In those days, the men and women seemed to possess so many skills that we no longer have. People could grow their own food, catch fish and crabs from the streams, chop wood and obtain firewood, make a fire, and cook their own food. They could even build their own house. They could climb trees, swim, row a boat, walk for miles, and labour for hours. My mother tells me about how she would accompany my great grandmother to sow seeds, till the soil, and water the saplings. She remembers how during the cucumber harvest, men would erect a pandal in the fields, light a fire, and stand guard, so as to ward away foxes that ransacked the fields at night. Those sleepovers can never match our modern sleepovers.

In retrospect, I realize that culture played an important role in my formation. It defined the aesthetic framework that was necessary to make all my engagements with the world profoundly beautiful. It taught me to see the aesthetic dimension in all my relationships- with nature, with people, with other living beings, with living spaces. It taught me to explore this aesthetic space in my day to day life, in education, in religion, and in every facet of life I engaged with. The more diversity there was, the more was the scope for such aesthetics. Perhaps that was the reason I loved this country the most. It provided for so much cultural diversity. And so, my memories were rooted in these cultural ingredients.

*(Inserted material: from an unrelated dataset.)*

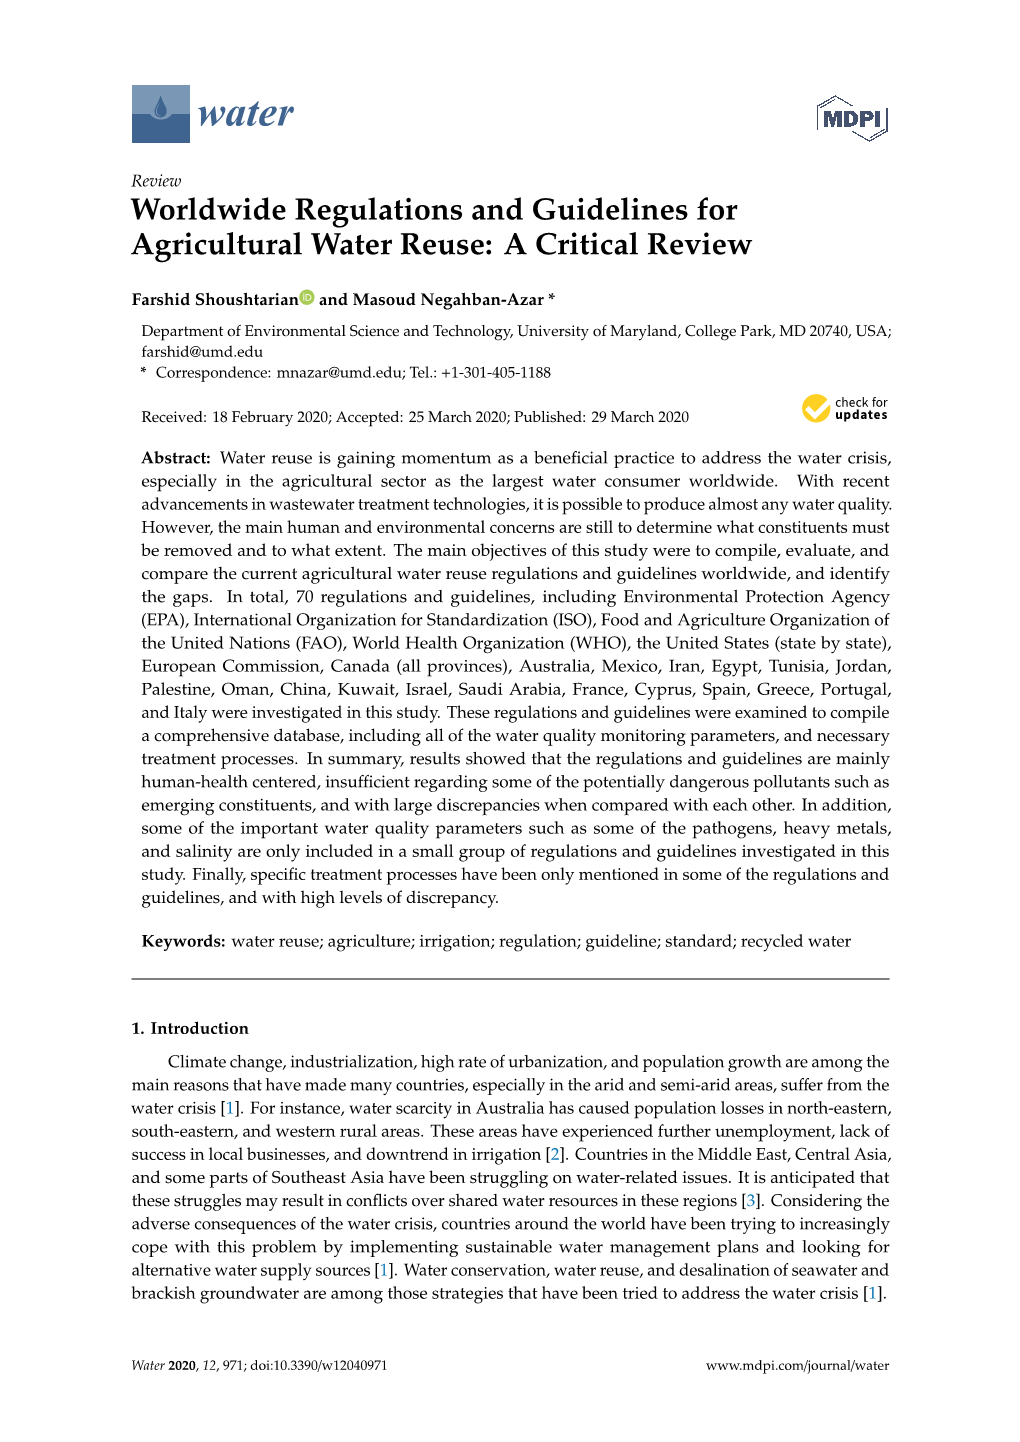 Worldwide Regulations and Guidelines for Agricultural Water Reuse: a Critical Review

Sometimes, I am aware that my mind is seeking something from the environment. It seeks familiarity. And that familiarity is to do with these cultural ingredients on which I was raised. When it doesn’t find them in the world, it resorts to the books and movies that have immortalized them.

Today, our lives are so empty. The death of culture is palpable. Instead of the soulful cultural ingredients that once defined our lives, there is just a human buzz- a mechanical buzz with no aesthetics in the monotonous scheme of our comfortable lives. In place of a memory, is a big void. Something that science labels as depression.

Culture is a carefully crafted, time-tested art that has ingredients that nourish the soul. I think these cultural ingredients were largely responsible for the sense of fulfillment that characterized the traditional way of life. Culture comprises of those ingredients that teach us to engage deeply and meaningfully with the natural world, and therefore nourish our souls. As we dissociate ourselves from culture, we are also alienating the mind from soulful ingredients that are necessary to anchor the mind to a fundamental framework of factors that govern life. Cultural ingredients awaken the senses to the inherent beauty in life. All memory and learning feeds on such aesthetic awakening. The definitions of all facets of human life- love, relationships, home, marriage, childhood, womanhood are deeply rooted in culture. Human potential is rooted in such sensory awakening. And so, this era of depression, violence and crimes is not surprising.